Only 12 years old and I had everything a guy could wish for. I owned a CCM bicycle I called Trigger, a beagle dog named Banjo, a pigeon loft and a few pair of Birmingham Roller pigeons. What else could a guy want, I thought.
Every day, weather permitting, I would fly the birds for an hour in the morning and then later that evening. It was fun to watch the birds do back flips in mid-air. A good Roller could do seven or eight or more in a row. Selective breeding for hundreds of years developed this trait. A lot of guys in the area had this breed of pigeon.
Once a week or so I’d make my rounds visiting with the other fanciers. There was two guys Paul and Huey , older teens, who raised Homers. They never invited me into the yard but didn’t object to me leaning on the fence admiring their birds as they circle the loft at break neck speeds.
Another Homer guy , an older man who always seem to have a bottle of whiskey near by, would let me watch his birds from across the street but if I came too close he’d yell profanities my way. Homer men seemed to think you were going to find out their secrets for racing and were suspicious. There were exceptions of course. Mr Hampton was one. He was a real gentlemen, white-haired , rugged face and soft-spoken, I admired him. He would often invite me into his loft and point out his best birds. I always left in awe how he knew every bird and their lineage back several generations. He gave me several nice pigeons.
For the most part, Fancy pigeon breeders were much more open to kids hanging around. One man, Soo Hong, was my all time favorite pigeon man. His Rollers were not only great performers but the birds were as close to the Standard as could be. They looked just like the pictures in the books. He was a master breeder and gave me many top quality pigeons. Many years later when Mr. Hong died he was buried from the funeral home that I worked at. We released his birds at the cemetery and watched them fly off towards home. I felt that he would like that. I still see his wife and son from time to time.
One day on my way to visit some coops. I took a short cut down an alley. I came across a loft I didn’t know about and the owner, a teenage kid, was cleaning his loft. He invited me in and showed off his well made and very clean loft. I thanked him for the time and continued on.
A few days later this guy shows up at my house with his father claiming I stole some of his pigeons. He pushed me around, a mistake on his part, and searched my loft while his father stood vigilant.
They found nothing ,of course, and left me with a warning to stay away from his place. I was more angry with myself for leaving Banjo in the basement ;they would have never got into the yard if he was out.
That whole day and the next I stewed over the event. Finally, I came to the conclusion that I was getting even. Being only twelve I envisioned swooping into his bedroom window and slapping the hell of the jerk.
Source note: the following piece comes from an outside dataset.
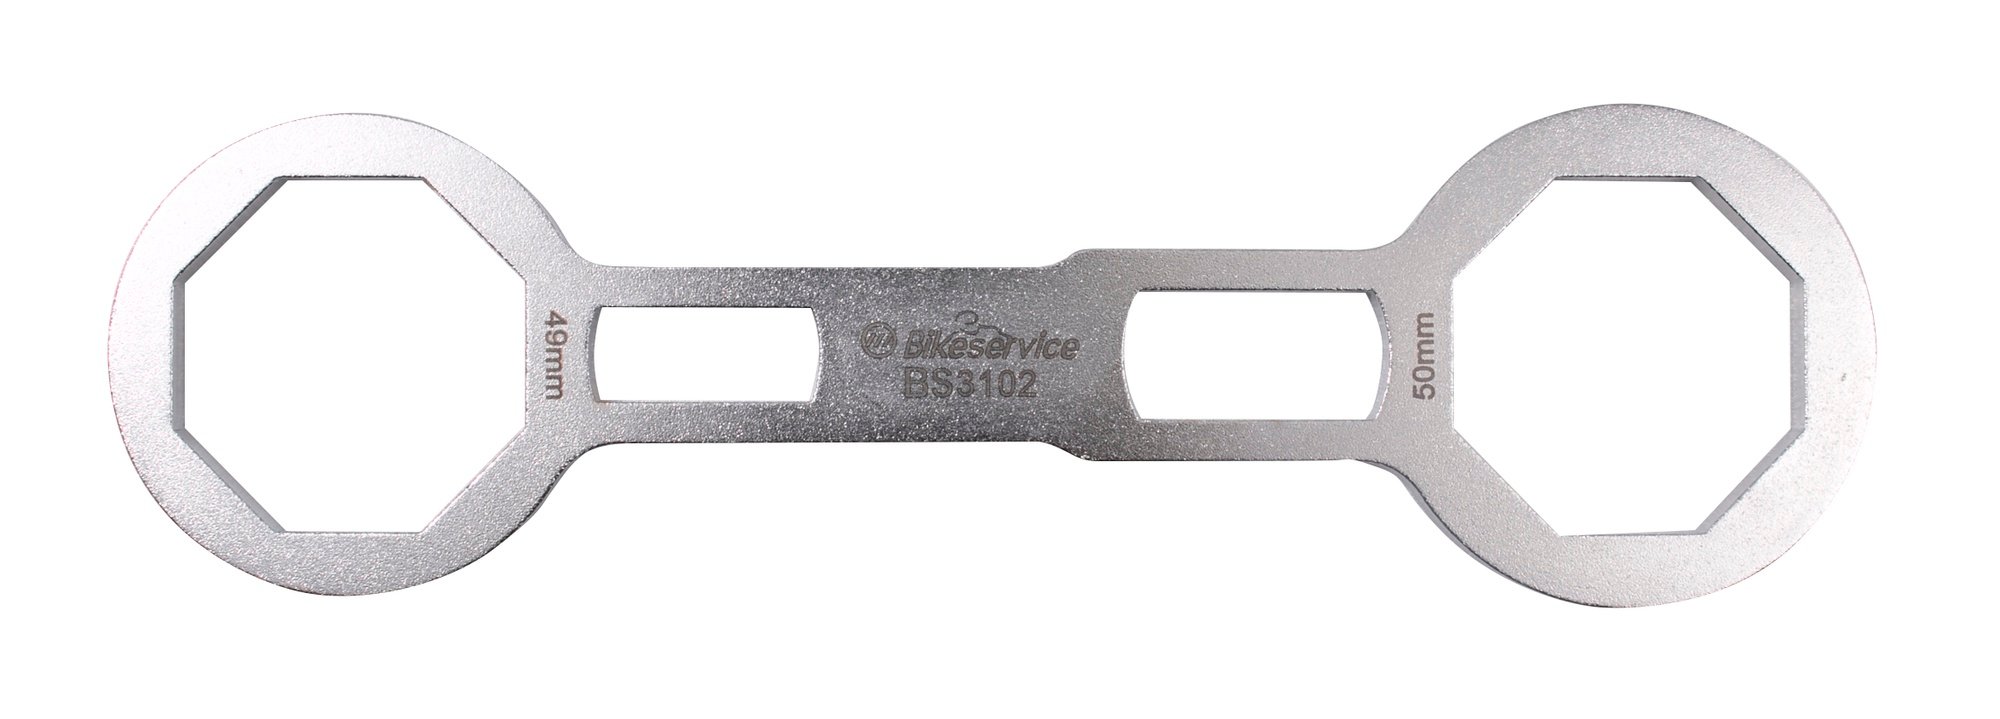 Obrázek produktu uzavřený osmihranný klíč na přední vidlice (49 x 50 mm), BIKESERVICE BS3102

Instead, I enlisted the help of a cousin and together we sneaked through the alley in the wee hours under the cover of darkness. We even dressed in dark clothing. The loft door had a lock on it now, so I had to run home, about ten blocks away, and fetch a hammer.
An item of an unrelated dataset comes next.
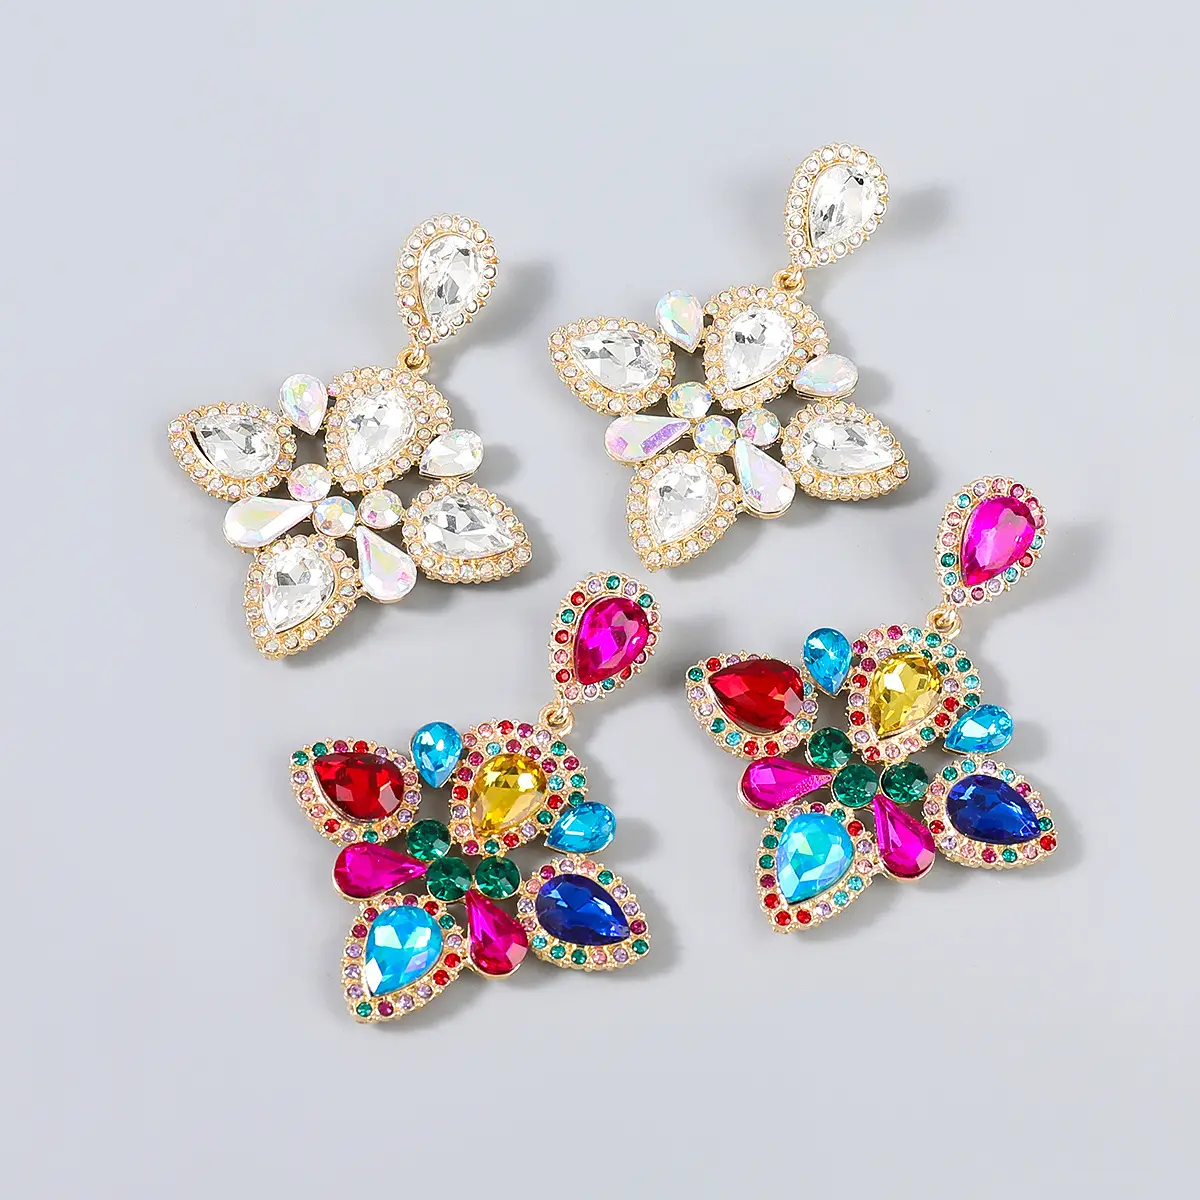 luxury contracted pendant shining crystal flower stud earrings rhinestone teardrop earring for women

While my cousin kept a close eye on the house I hammered away at the lock. Not exactly international jewel thief’s here. The lock eventually gave out and we were in. I stuffed about half a dozen birds into a large paper bag and escaped undetected.
I hid the birds in a friend’s garage. The next morning the kid came around, by himself this time. He didn’t dare hop the fence with Banjo there growling at him but I opened my loft door wide letting he see inside. I still remember him riding off, chin quivering and close to tears. I actually felt bad for him. I knew he liked his birds the same as I did.
I went over to Paul’s, where the birds were, and released them. I found out later that every one of them returned home. I figured we were even now and never bothered with that guy again.
Another bright idea of mine was to wire off the birds on one side of the loft and put a cot on the other side so I could sleep out there in the summer.
All was well until I shared a few nights with an older woman who ran away from home. She was thirteen, almost fourteen. I was making a lot of noise blowing a horn, the kind they use at hockey games, and a neighbour called the police. The police officer, a neighbour, recognized the runaway and took us to police headquarters. When the old man came to get me, about two in the morning, he looked at Donna, my loft room-mate, and asked me if I thought her mother would like to sleep out.
The next morning pops got me up early and told me as punishment, I had to paint the eavesdroughts.
What I learned from that day was to only keep the feathered kind of birds in my coop. Or at the very least, get rid of that blasted horn.
But all in all, pigeons to this day have been a great relaxing hobby for me. It’s too bad that pigeons and boys are a thing of the past. Even the racing pigeon sport is dying world wide. It’s a faster electronic times and there’s no going back.
Thanks for reading my blog. Jack
Keep the faith friends, it gets better, it always does.